Results of the training model

svm_Linear
## Support Vector Machines with Linear Kernel 
## 
## 700 samples
##   4 predictor
##   2 classes: '0', '1' 
## 
## Pre-processing: centered (4), scaled (4) 
## Resampling: Cross-Validated (10 fold, repeated 5 times) 
## Summary of sample sizes: 630, 630, 630, 630, 630, 630, ... 
## Resampling results:
## 
##   Accuracy   Kappa    
##   0.9697143  0.9394286
## 
## Tuning parameter 'C' was held constant at a value of 1

We’ll use the predict() method to predict results

test_pred <- predict(svm_Linear, newdata = testing)
test_pred
##   [1] 0 0 0 1 1 1 0 1 1 1 1 0 0 0 0 0 0 1 0 0 1 0 1 1 0 0 0 1 0 0 1 1 0 1 1 1 1
##  [38] 1 1 0 1 1 0 1 0 0 1 0 1 1 1 1 0 1 0 0 1 1 1 1 0 1 0 1 1 0 1 0 1 0 0 1 0 1
##  [75] 0 1 0 0 1 1 0 1 0 1 1 0 0 0 0 0 0 1 0 0 1 0 0 0 0 1 0 0 1 0 1 1 0 0 0 0 0
## [112] 1 0 0 0 0 0 1 1 1 0 1 1 0 0 0 0 0 1 1 0 1 0 1 1 0 1 1 0 1 1 0 1 0 0 1 0 0
## [149] 1 0 1 0 0 1 0 0 1 0 0 0 0 0 0 1 1 1 1 0 0 0 0 0 0 0 1 0 1 0 0 1 0 1 1 0 1
## [186] 0 1 1 0 1 1 1 0 0 0 1 0 1 0 0 0 1 0 1 1 0 0 0 1 1 1 0 1 0 1 0 1 0 1 1 0 1
## [223] 0 0 0 0 1 1 1 1 1 1 0 0 1 0 0 0 0 1 1 1 1 1 1 1 1 0 1 0 0 1 0 1 0 1 0 0 0
## [260] 0 1 0 0 0 0 1 0 1 1 1 0 1 1 1 1 0 0 1 1 1 1 0 0 0 0 0 1 0 1 1 1 0 1 0 0 1
## [297] 1 1 1 1
## Levels: 0 1

Checking the accuracy of our model using a confusion matrix.

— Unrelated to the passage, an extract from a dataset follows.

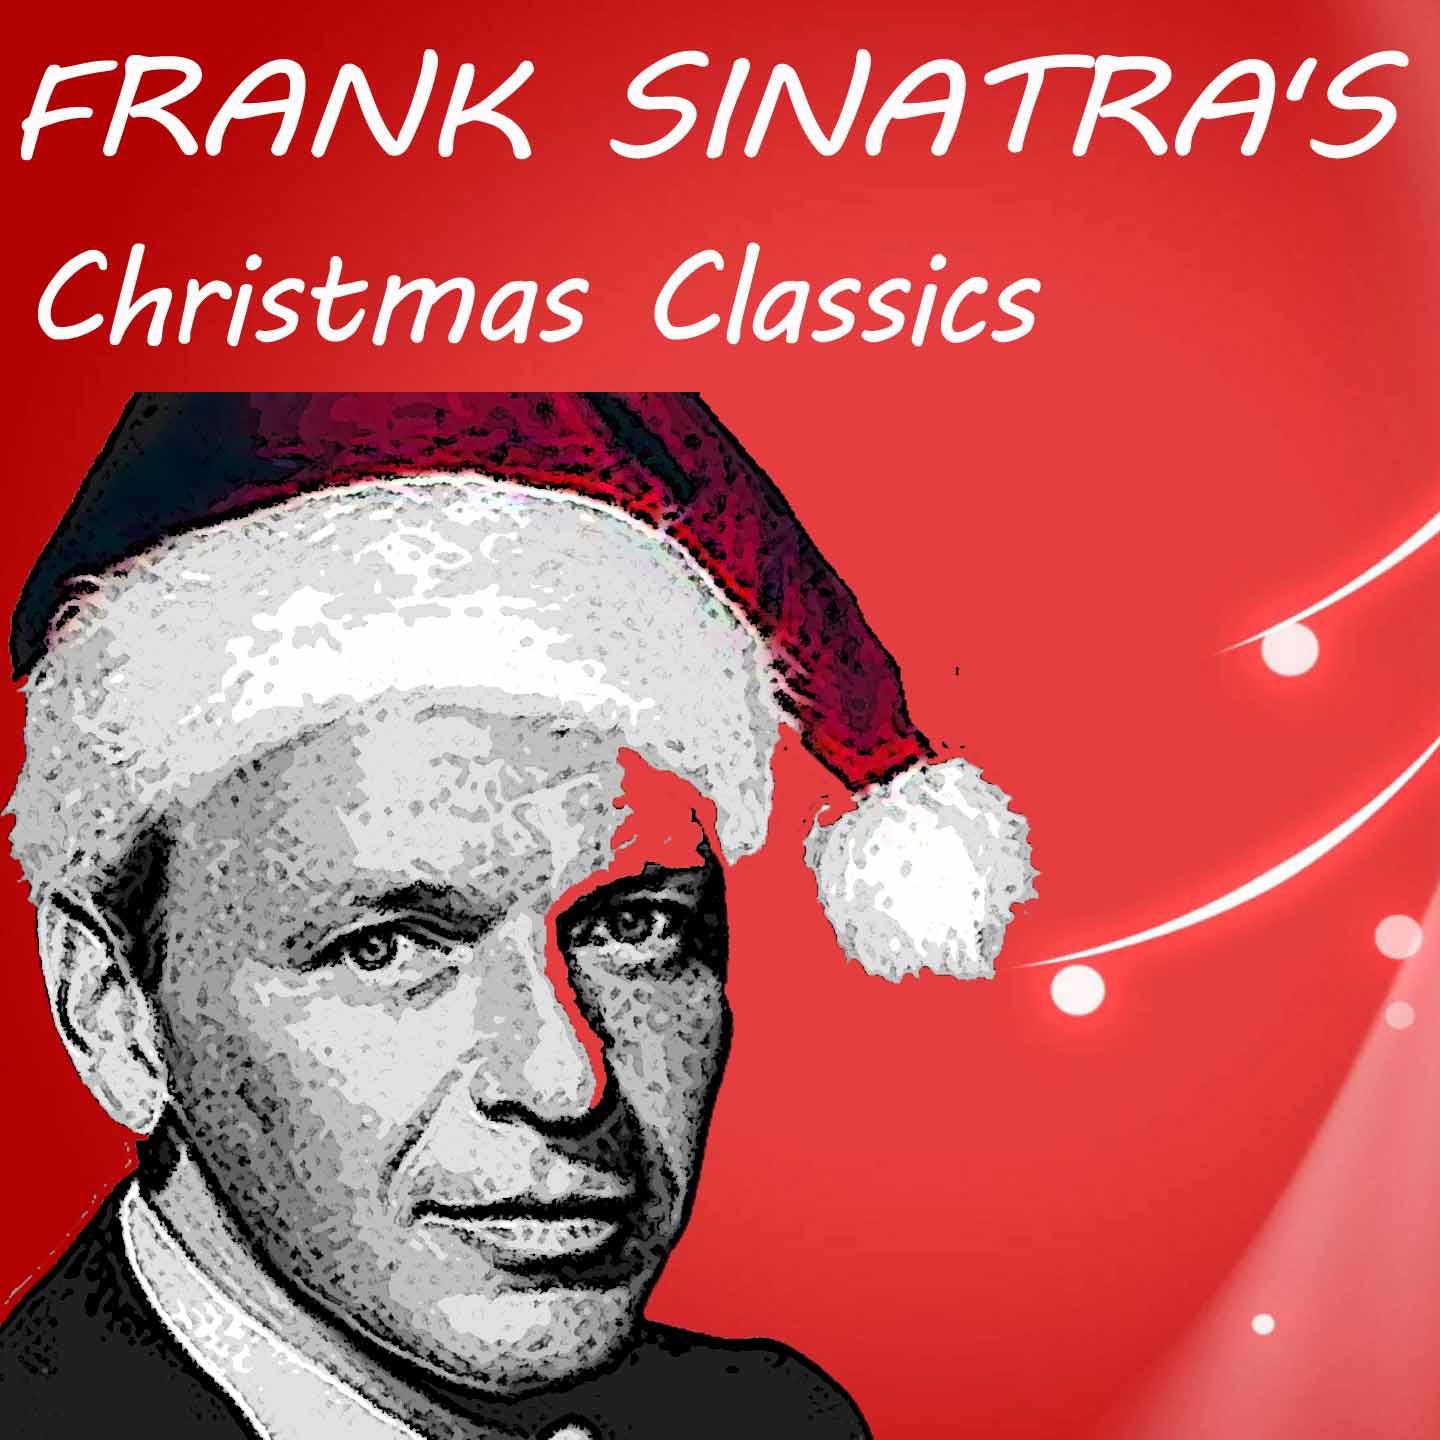 Frank Sinatra's Christmas Classics

confusionMatrix(table(test_pred, testing$Clicked.on.Ad))
## Confusion Matrix and Statistics
## 
##          
## test_pred   0   1
##         0 147   9
##         1   3 141
##                                           
##                Accuracy : 0.96            
##                  95% CI : (0.9312, 0.9792)
##     No Information Rate : 0.5             
##     P-Value [Acc > NIR] : <2e-16          
##                                           
##                   Kappa : 0.92            
##                                           
##  Mcnemar's Test P-Value : 0.1489          
##                                           
##             Sensitivity : 0.9800          
##             Specificity : 0.9400          
##          Pos Pred Value : 0.9423          
##          Neg Pred Value : 0.9792          
##              Prevalence : 0.5000          
##          Detection Rate : 0.4900          
##    Detection Prevalence : 0.5200          
##       Balanced Accuracy : 0.9600          
##                                           
##        'Positive' Class : 0               
## 

The SVM model achieves an accuracy level of 96%.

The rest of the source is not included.